## Dataset excerpt
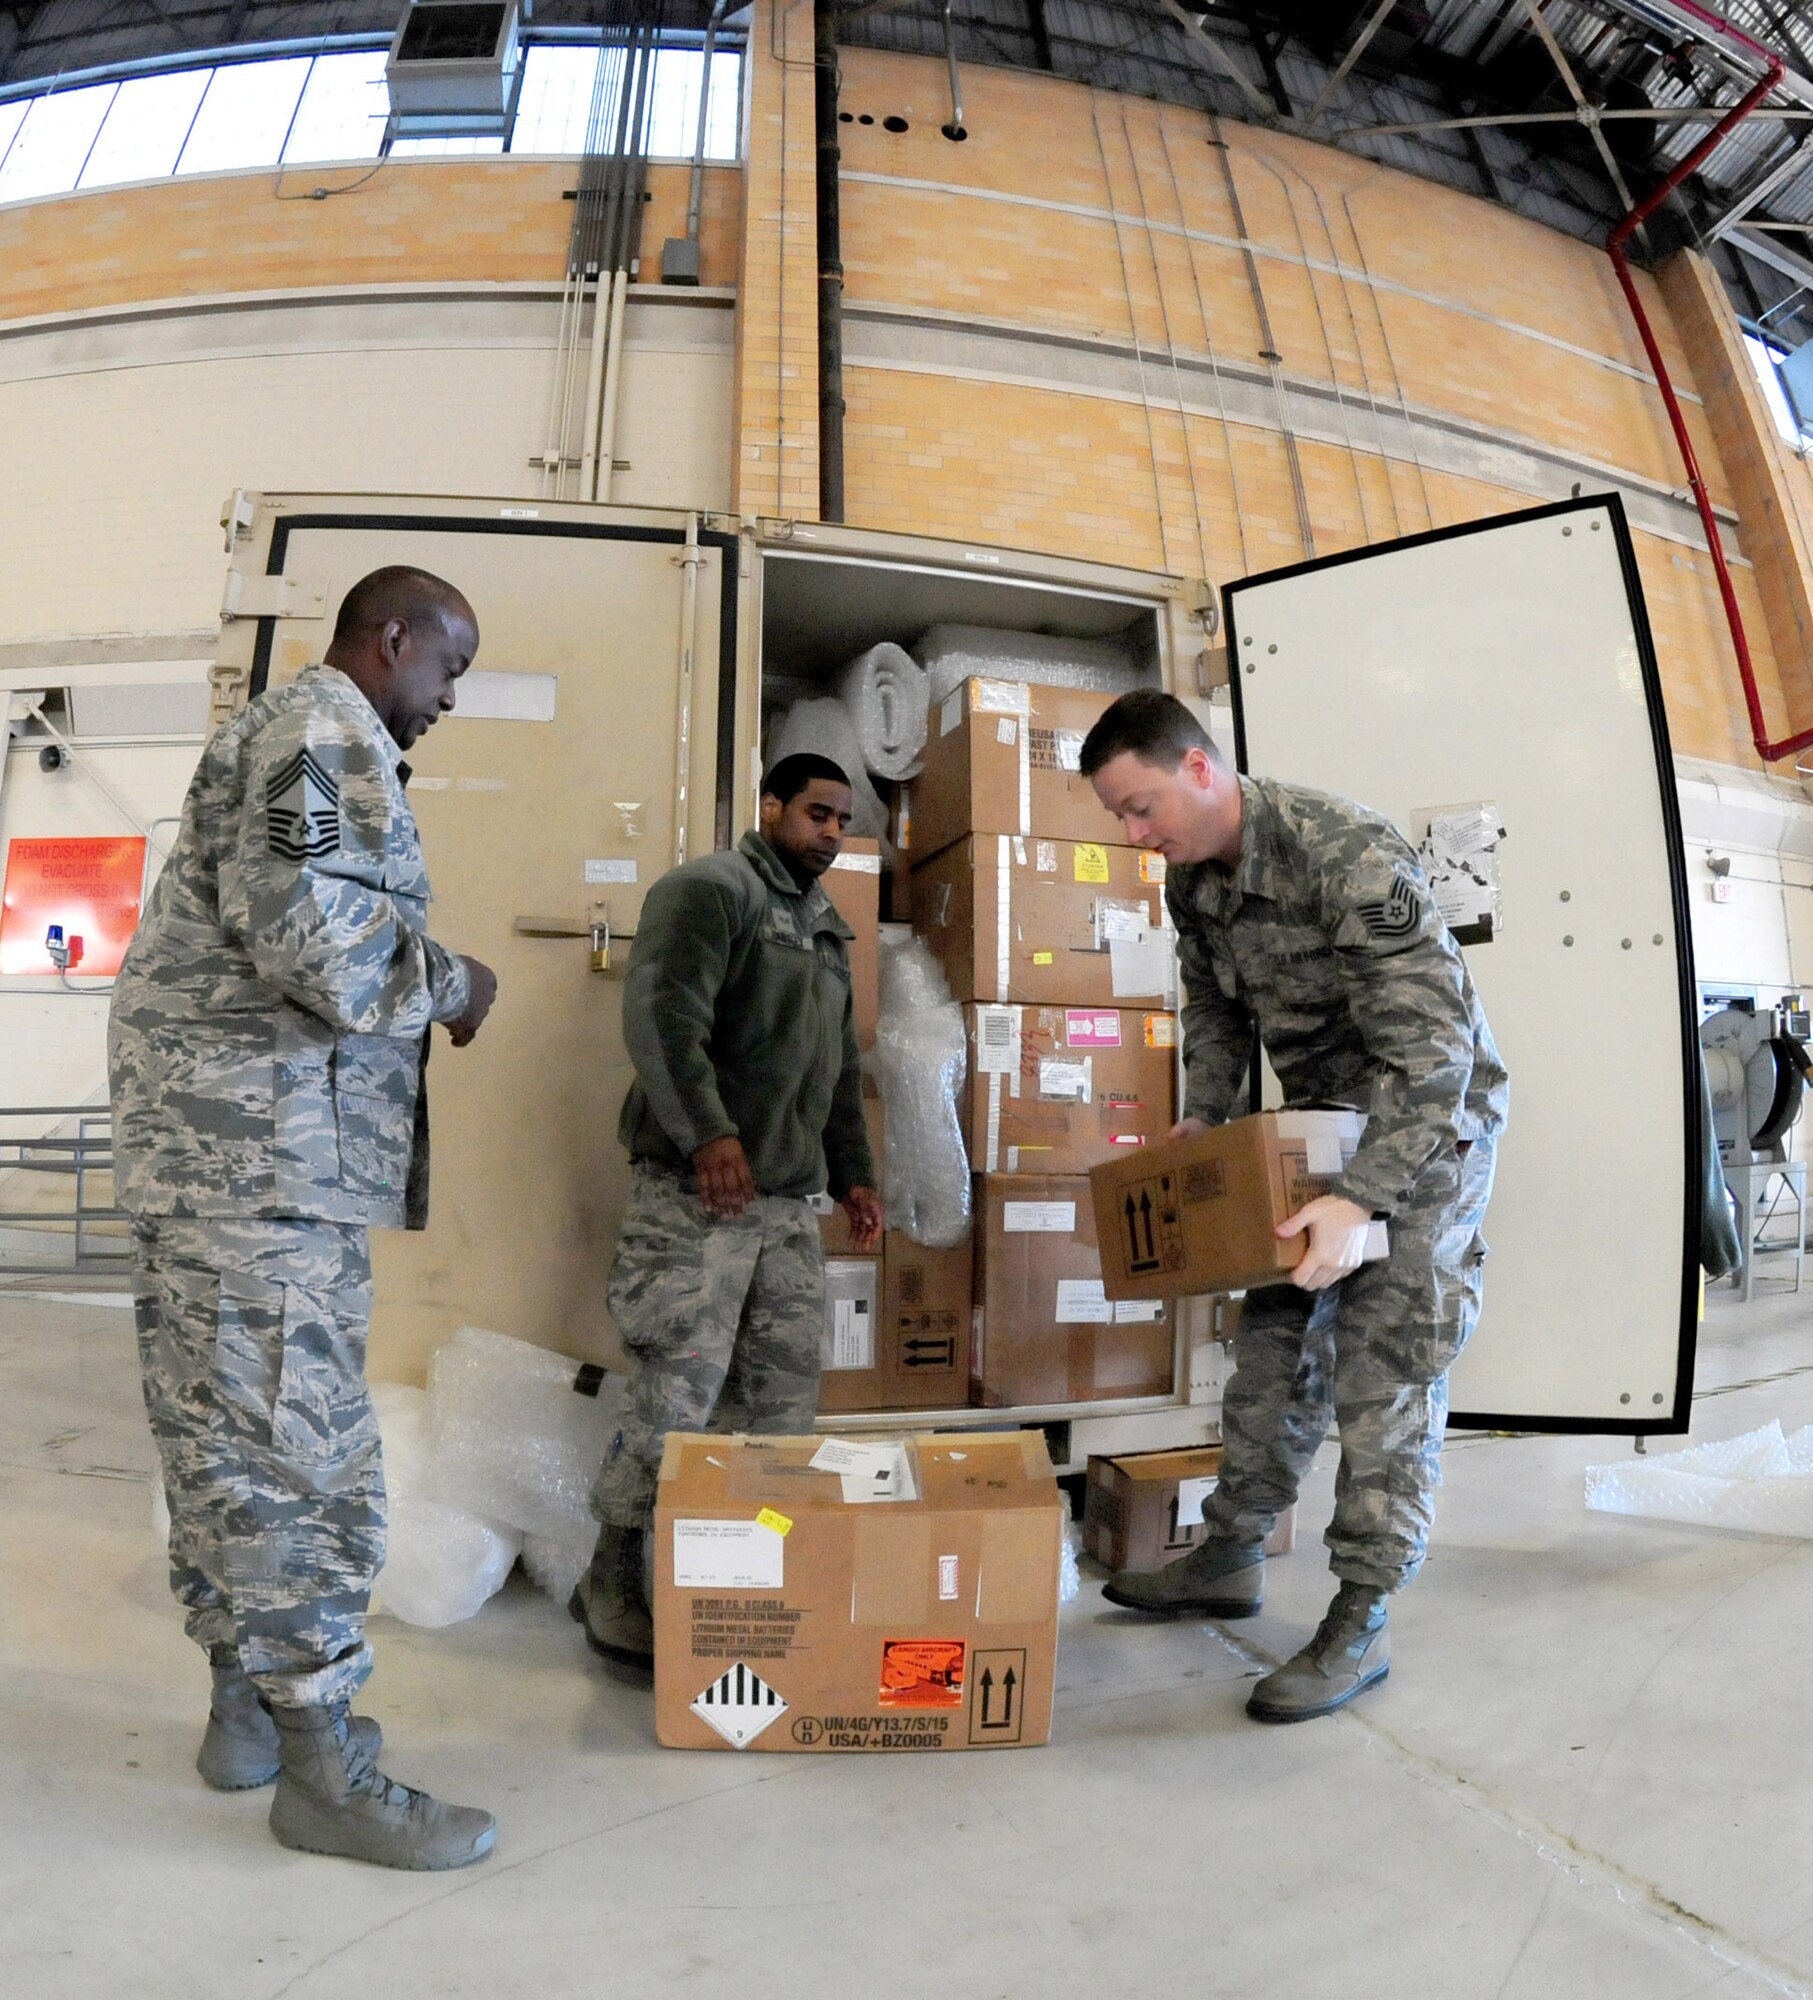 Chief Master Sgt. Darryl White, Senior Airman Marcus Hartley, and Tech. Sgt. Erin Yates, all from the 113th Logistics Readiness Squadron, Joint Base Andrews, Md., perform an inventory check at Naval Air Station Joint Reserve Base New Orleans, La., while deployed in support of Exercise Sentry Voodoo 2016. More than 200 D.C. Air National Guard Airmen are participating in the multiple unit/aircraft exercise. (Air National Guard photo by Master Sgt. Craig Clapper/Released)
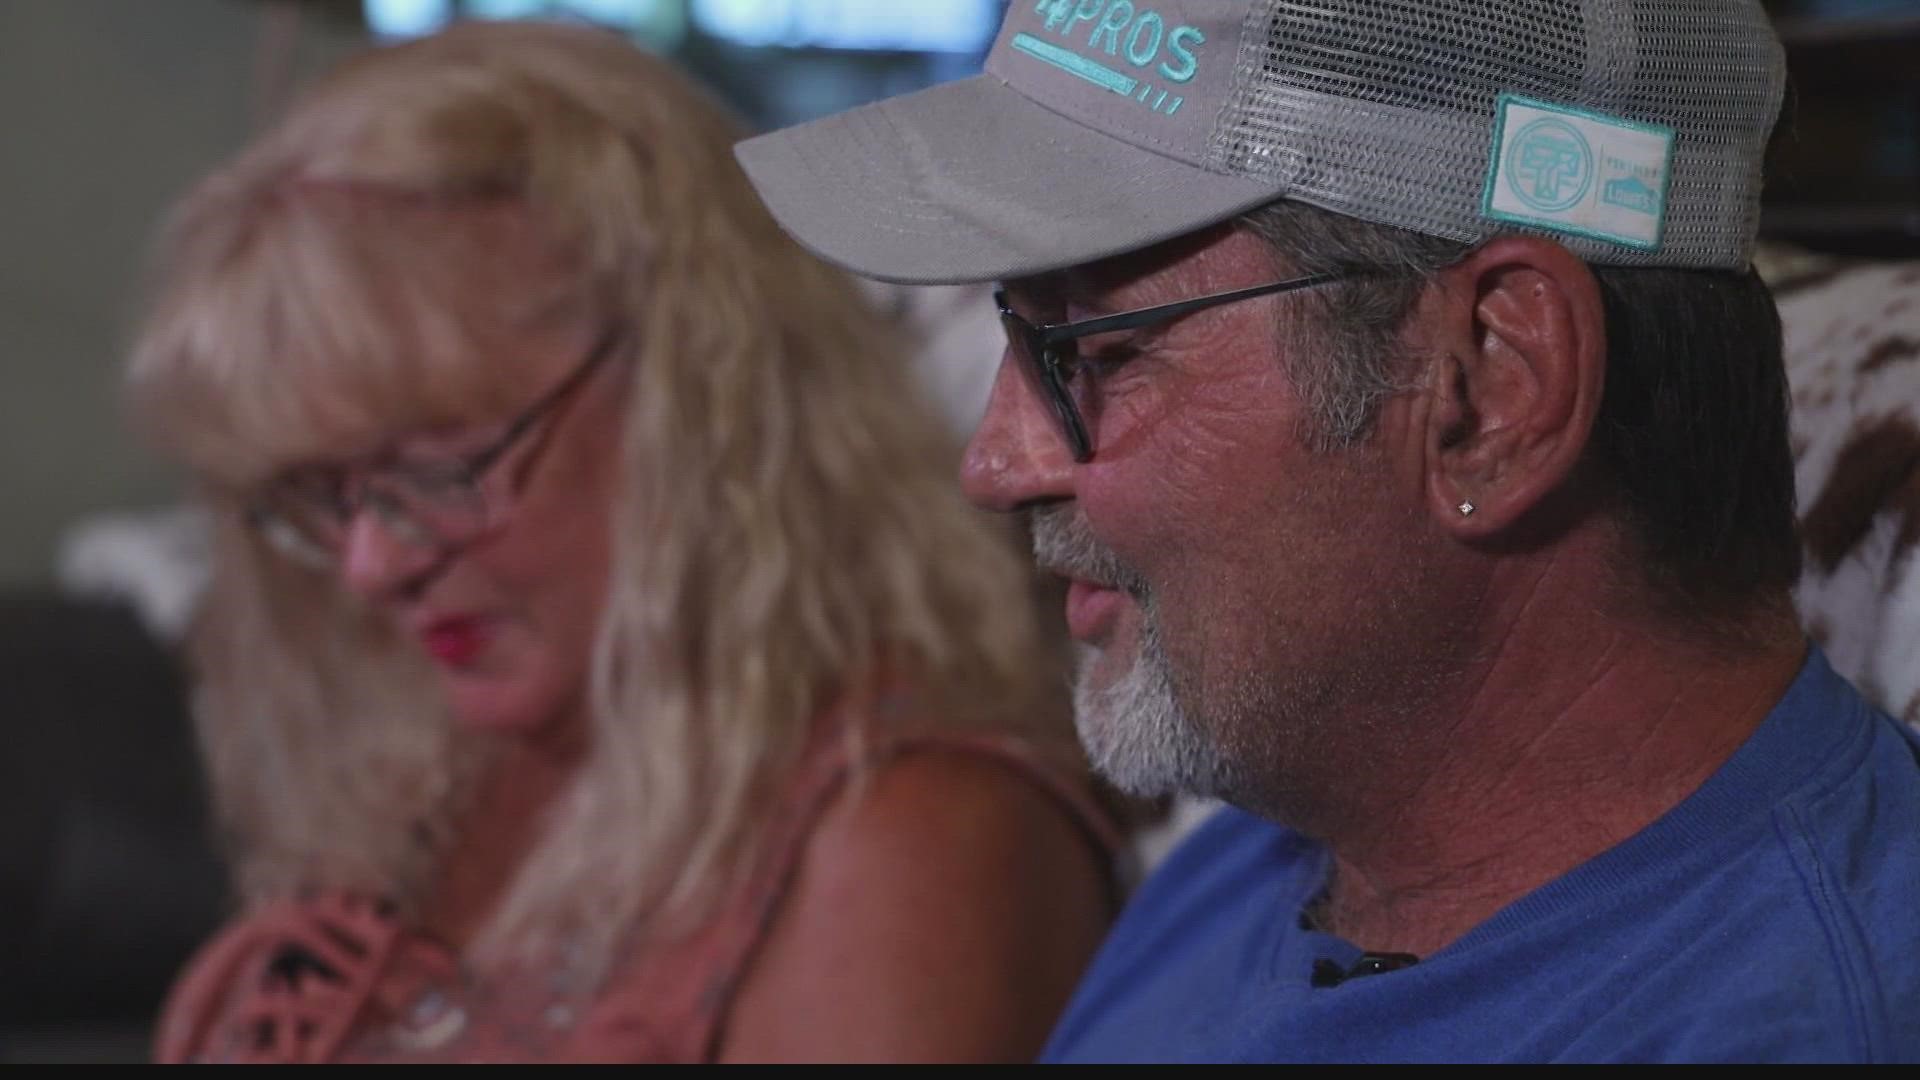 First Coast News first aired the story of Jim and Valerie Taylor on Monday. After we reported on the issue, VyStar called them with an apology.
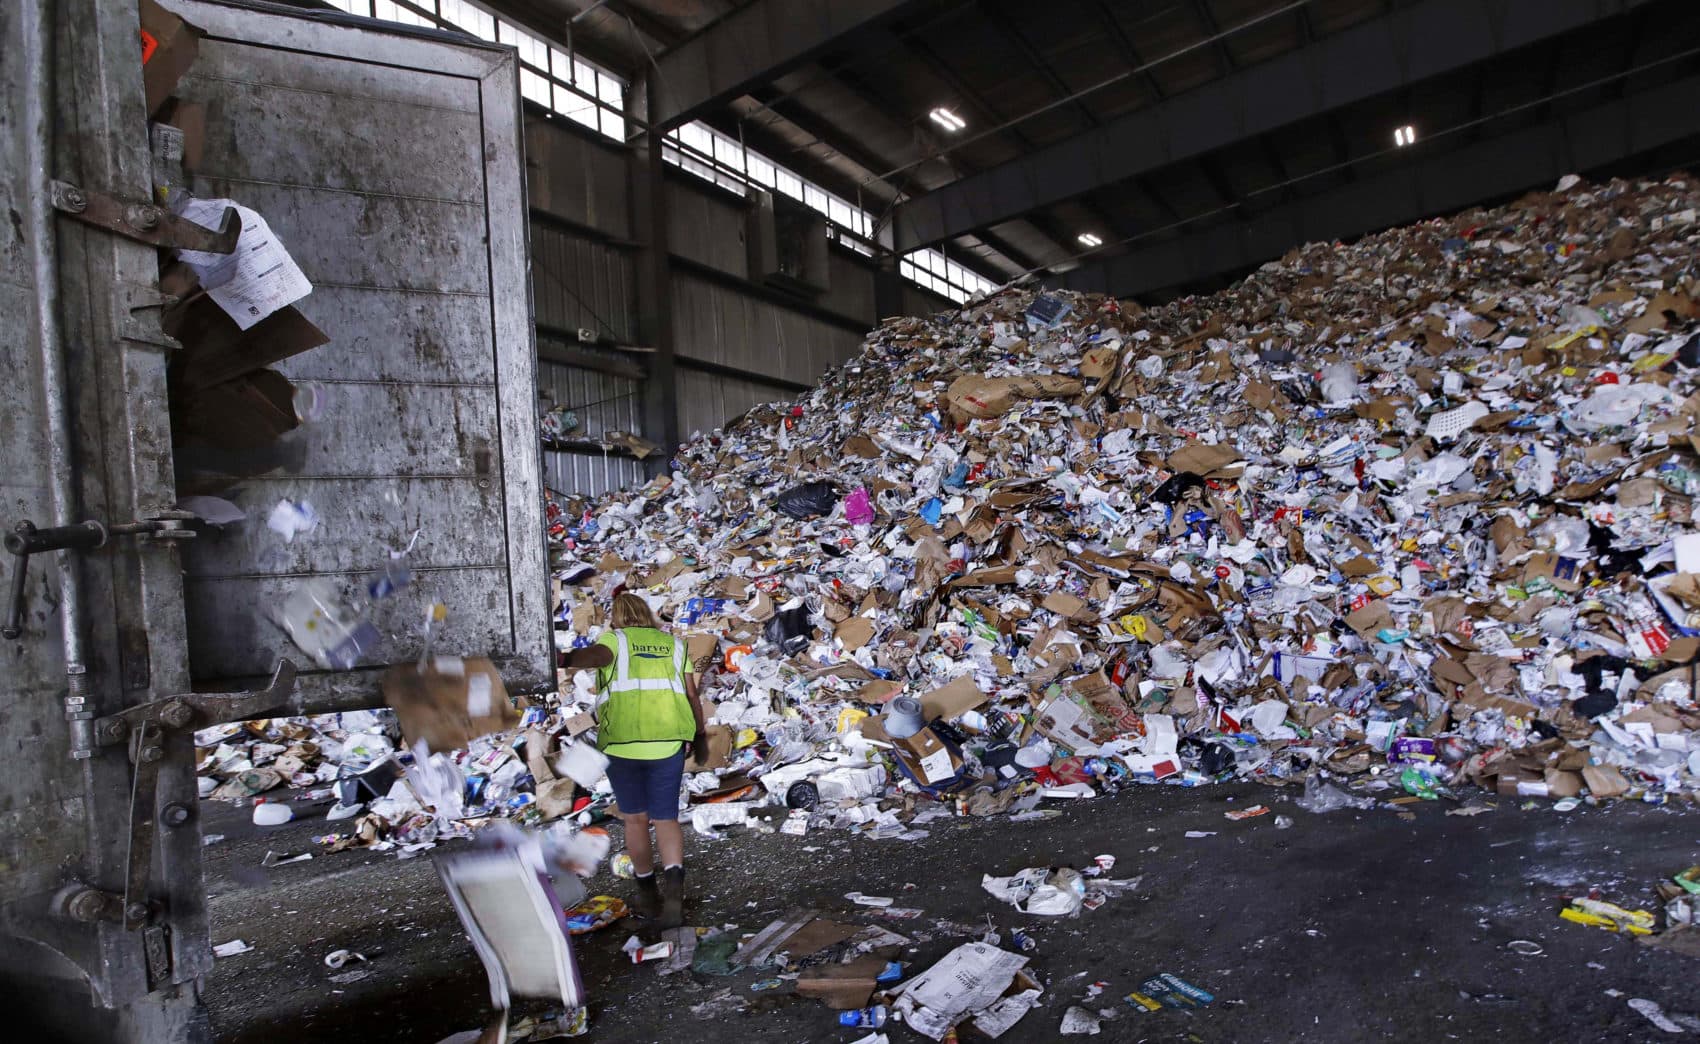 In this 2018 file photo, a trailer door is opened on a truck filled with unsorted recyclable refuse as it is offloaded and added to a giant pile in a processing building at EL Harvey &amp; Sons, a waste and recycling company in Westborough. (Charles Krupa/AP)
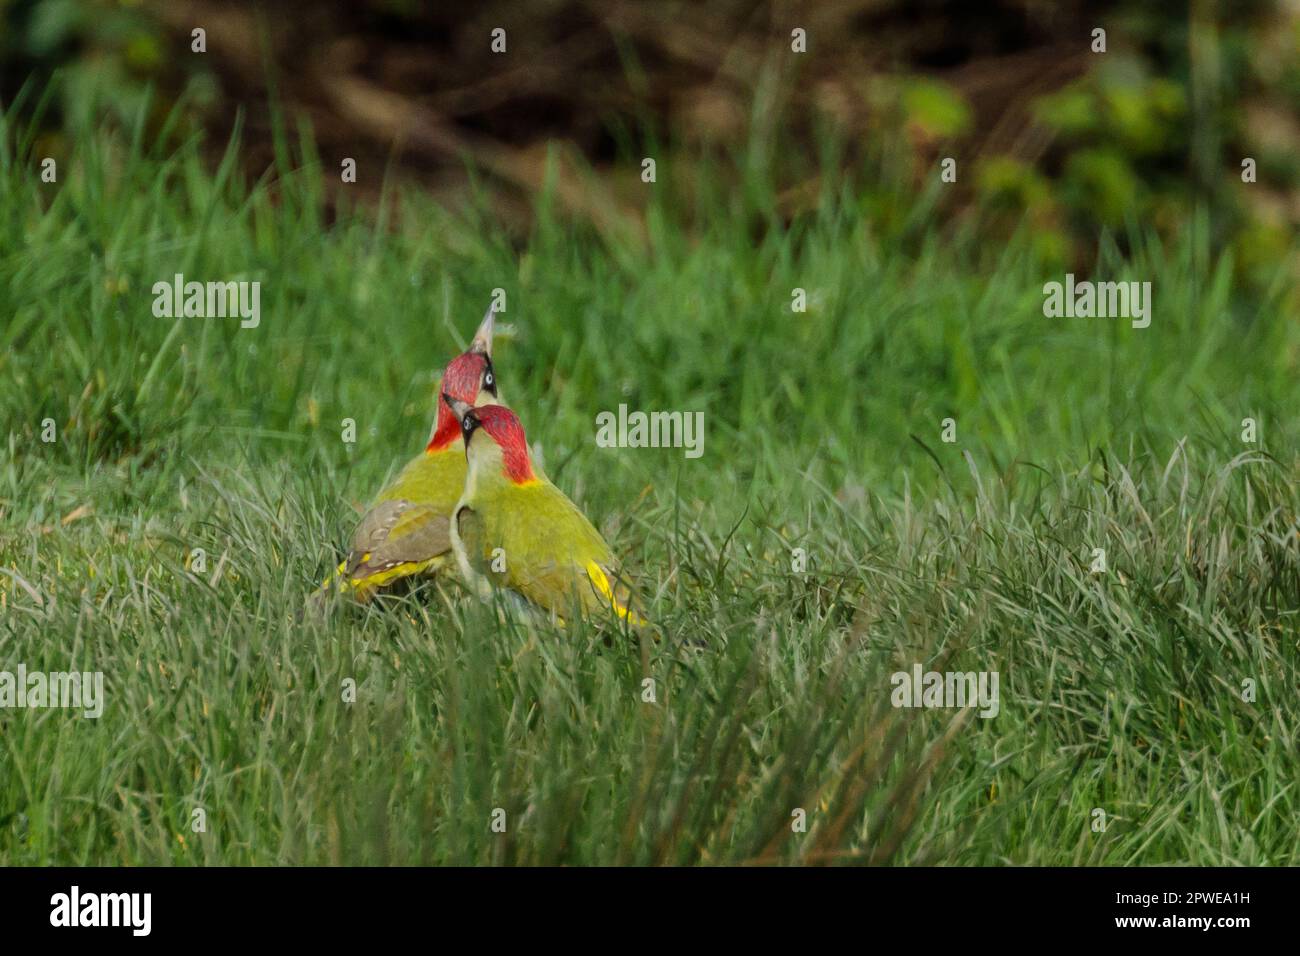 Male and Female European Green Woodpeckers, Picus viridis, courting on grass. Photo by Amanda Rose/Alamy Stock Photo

## The task
The lines from the one holding "First Coast News" through the end of the material above are to be echoed exactly, both ends included. Do not include pictures.

## Solution to this task
 First Coast News first aired the story of Jim and Valerie Taylor on Monday. After we reported on the issue, VyStar called them with an apology.
 In this 2018 file photo, a trailer door is opened on a truck filled with unsorted recyclable refuse as it is offloaded and added to a giant pile in a processing building at EL Harvey &amp; Sons, a waste and recycling company in Westborough. (Charles Krupa/AP)
 Male and Female European Green Woodpeckers, Picus viridis, courting on grass. Photo by Amanda Rose/Alamy Stock Photo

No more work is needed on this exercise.